I wish it were that cut and dried.

I think (and our commercial folks should feel free to make their comments) that the theory would hold that any time a property is under lease that there are at least 2 estates- that of the owner and that of the renter (if no others). Of course, if a property is rented out, then the tenant has some rights and those then diminish the rights of the owner; hence the dual estates.

But, in practical terms no one that I know of has actually ever delineated just what the term of said lease must be.

Since most residential leases are for 1-2 years, does that then really diminish, in a truly measurable way, the owner's rights. Technically, yes. But we can all drive ourselves nuts trying to do that. So I had asked that question- 20 years ago- to my income property instructor- Prof. Jeff Fisher, MAI of Indiana U. He said that, in practical terms, unless the lease is long enough it is pretty foolish to try to split out values for those 2 estates and suggested a term of 3 years might be a good line of demarcation.

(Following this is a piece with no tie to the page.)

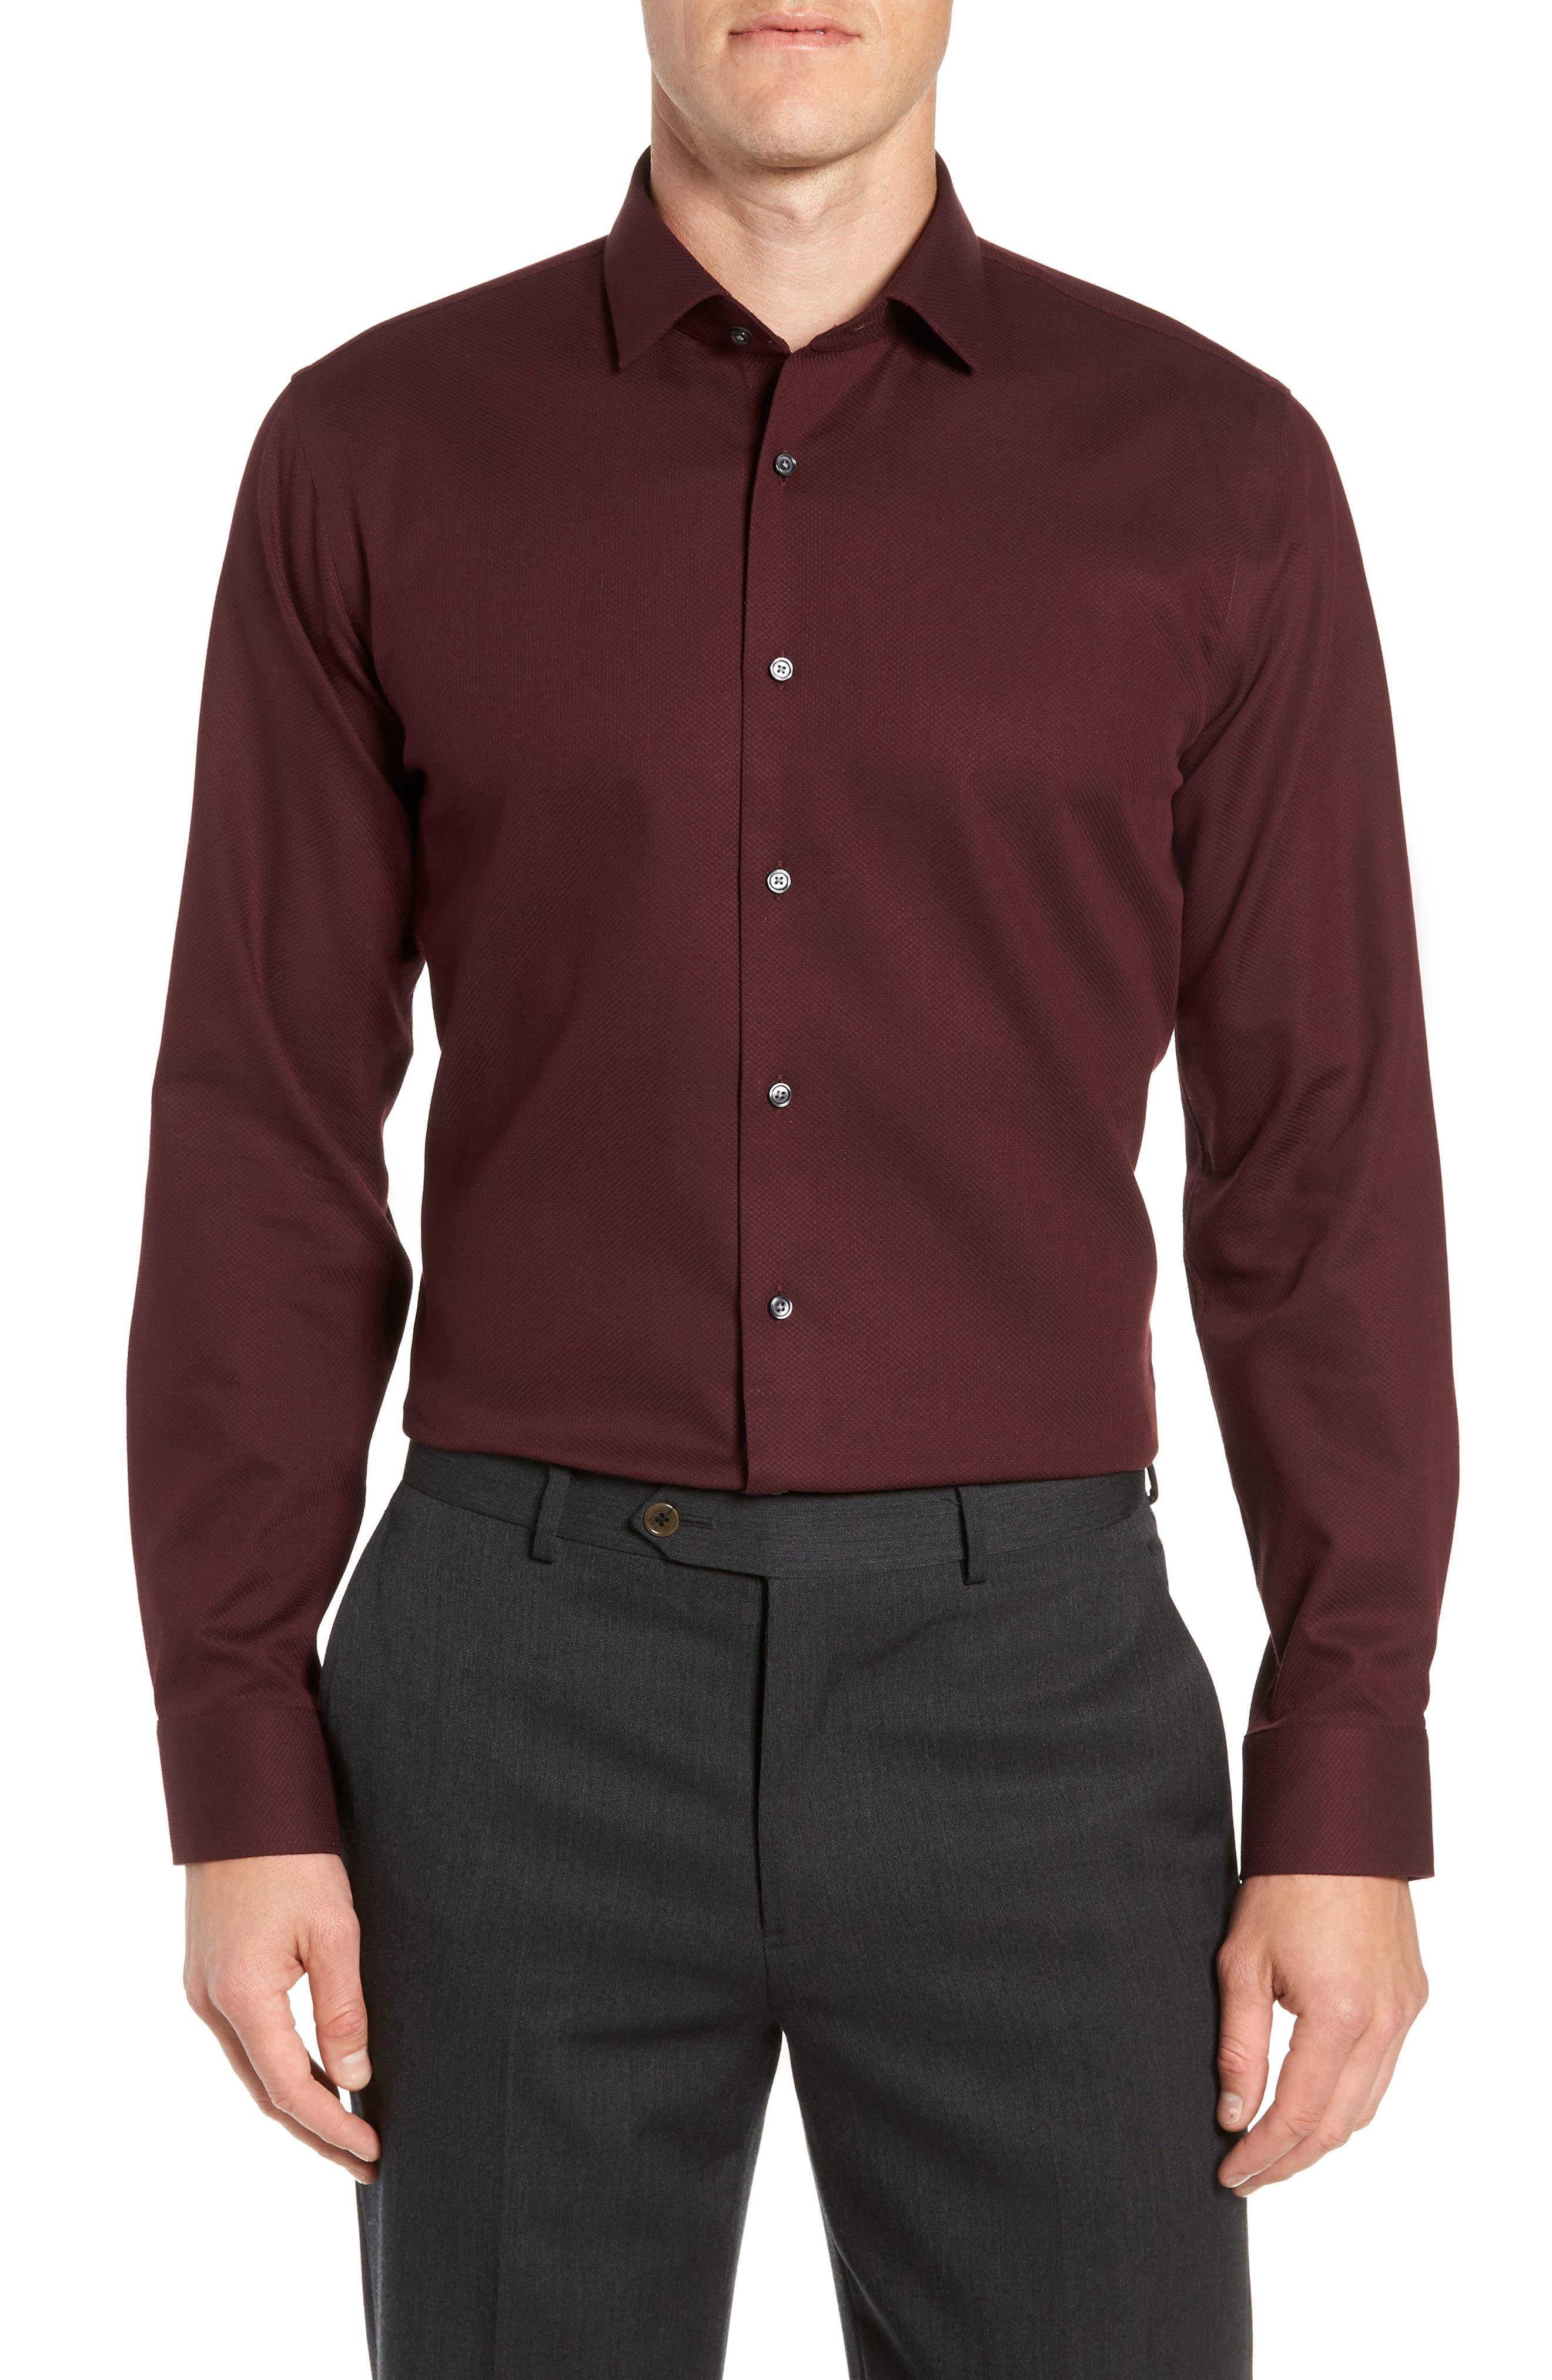 Trim Fit Non-Iron Solid Dress Shirt, Main, color, BURGUNDY ROYALE

But remember, that is/was his opinion. Nothing cast in stone here.

Further, the theory could be said to go deeper in that if one adds the values of the two estates (owner's leased fee and tenants leasehold) you end up with fee simple. Unfortunately that may also not always be true. Even USPAP tells us not to add together two partial estates to get the value of the whole, so I guess that also applies to the types of estates.

As to the values, the leasehold must be below market for there to be a measureable value to it (apart from the intrinsic part of just being able to use the property). So, the value of the leasehold can be derived by capitalizing the rent differential.

I am guessing the complications are why we generally approach this from the fee simple perspective. 1-2 years on a lease may be said to be immaterial to fee simple (not stating- just musing). But if the lease is long enough to truly impact the ownership rights then I gues it ought to be approached from the two estate viewpoint.

And now Moh notes that many Native American tribes have land holdings rented out to condo projects so those are leaseholds anyway (true). So you could begin with fee simple and then have it impacted by two other estates- the leashold of the tenant and the leased fee of the land owner along with the estate of the condo owner (leased fee).

And in Hawaii, there are many buildings in which some of the condos are owned in fee simple and some others in which they still lease their "portion" of the land! I know that flies in the face of logic but I assure you they exist and are really quite common there. Then toss in the rental income many get from renting out their units short term- week, month, season- and you get a condotel!

So, the way I'd approach all this is to find out how long the lease is, If typical residential (2 years or less) I'd just go with fee simple and disclose thye lease situation and let the client decide. If the clinet wants you to get deeper into it, then I see one solution- higher fee!::flowers:

Brad
 
Brad,

But, in practical terms no one that I know of has actually ever delineated just what the term of said lease must be.
In a practical terms, the term of said lease must be very specific and in writing because the lease is a written contract by which an owner of an asset like a home, a condo or an apartment grants a tenant the right to the exclusive possession and use of that asset for a specified time and under specific conditions for specific periodic rents. A long-term written lease creates a leasehold interest, which can be mortgaged or traded. A short term written lease, although, with the same leasehold interest and right is not practically tradable or mortgageable because the lessee’s rights and interest is going revert back to the lessor in a short period of time.